Ketua Umum Pimpinan Pusat Serikat Pekerja Tenaga Kerja Bongkar Muat Indonesia (SP TKBM Indonesia), yang juga Koordinator Nasional Aliansi Buruh Pelabuhan Indonesia, menyatakan kekecewaannya atas ketidakmampuan JICT dan TPK Koja untuk menyesuaikan upah buruhnya.
“Ini sangat ironis. Sebagai operator pelabuhan terbesar yang memberikan gaji pegawainya hingga puluhan bahkan ratusan juta rupiah per bulan, mereka justru tidak mampu memenuhi kenaikan UMP sebesar 6,5% bagi buruh pelabuhan. Padahal, perusahaan bongkar muat kecil di Indonesia mampu menjalankan kebijakan pemerintah ini,” ungkapnya dalam keterangan pers hari ini.
Lebih lanjut, ia menyoroti bahwa gaji buruh di JICT dan TPK Koja pada tahun 2025 justru lebih rendah dibandingkan perusahaan-perusahaan kecil lainnya yang konsisten mengikuti kebijakan pro-rakyat terkait upah. Kondisi ini, menurutnya, mencerminkan kurangnya komitmen perusahaan besar terhadap kesejahteraan buruh yang merupakan tulang punggung operasional pelabuhan.
“Presiden Prabowo telah menegaskan pentingnya keadilan dan peningkatan kesejahteraan buruh melalui kebijakan UMP. Namun, implementasinya di JICT dan TPK Koja belum sesuai harapan. Ini menjadi pukulan bagi buruh pelabuhan yang sudah bekerja keras mendukung kelancaran logistik nasional,” tambahnya.

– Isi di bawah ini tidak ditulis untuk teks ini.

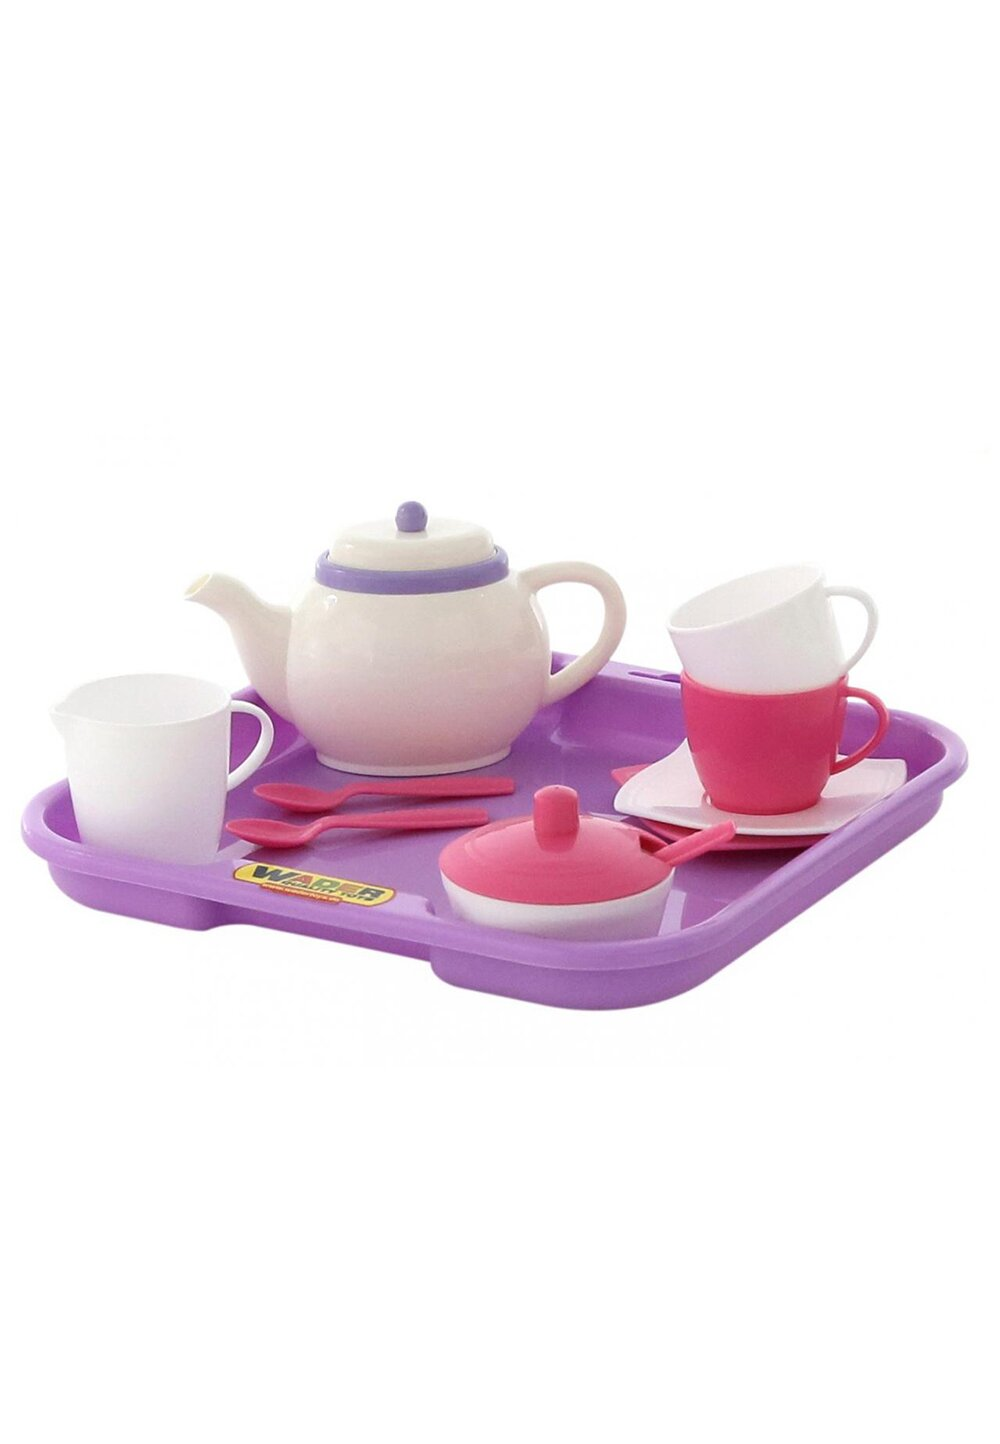 Set ceai, 13 piese, alb cu roz imagine

Serikat pekerja juga mendesak agar pihak JICT dan TPK Koja segera meninjau ulang kebijakan pengupahan mereka dan menunjukkan tanggung jawab sebagai pemimpin industri pelabuhan di Indonesia. Selain itu, mereka berharap pemerintah dan pemangku kepentingan terkait turun tangan untuk memastikan kebijakan UMP 6,5% benar-benar diimplementasikan di semua sektor, termasuk di pelabuhan-pelabuhan utama.
Dengan semakin meningkatnya ketidakpuasan buruh, potensi aksi solidaritas dari Aliansi Buruh Pelabuhan Indonesia kini menjadi hal yang dinantikan. “Kami tidak menutup kemungkinan mengambil langkah-langkah lanjutan jika tidak ada perbaikan yang signifikan. Keadilan harus ditegakkan,” tegasnya.
Masalah ini menjadi peringatan bagi industri pelabuhan untuk lebih serius memperhatikan kesejahteraan buruh sebagai bagian integral dari pembangunan ekonomi nasional menuju Indonesia Emas 2045.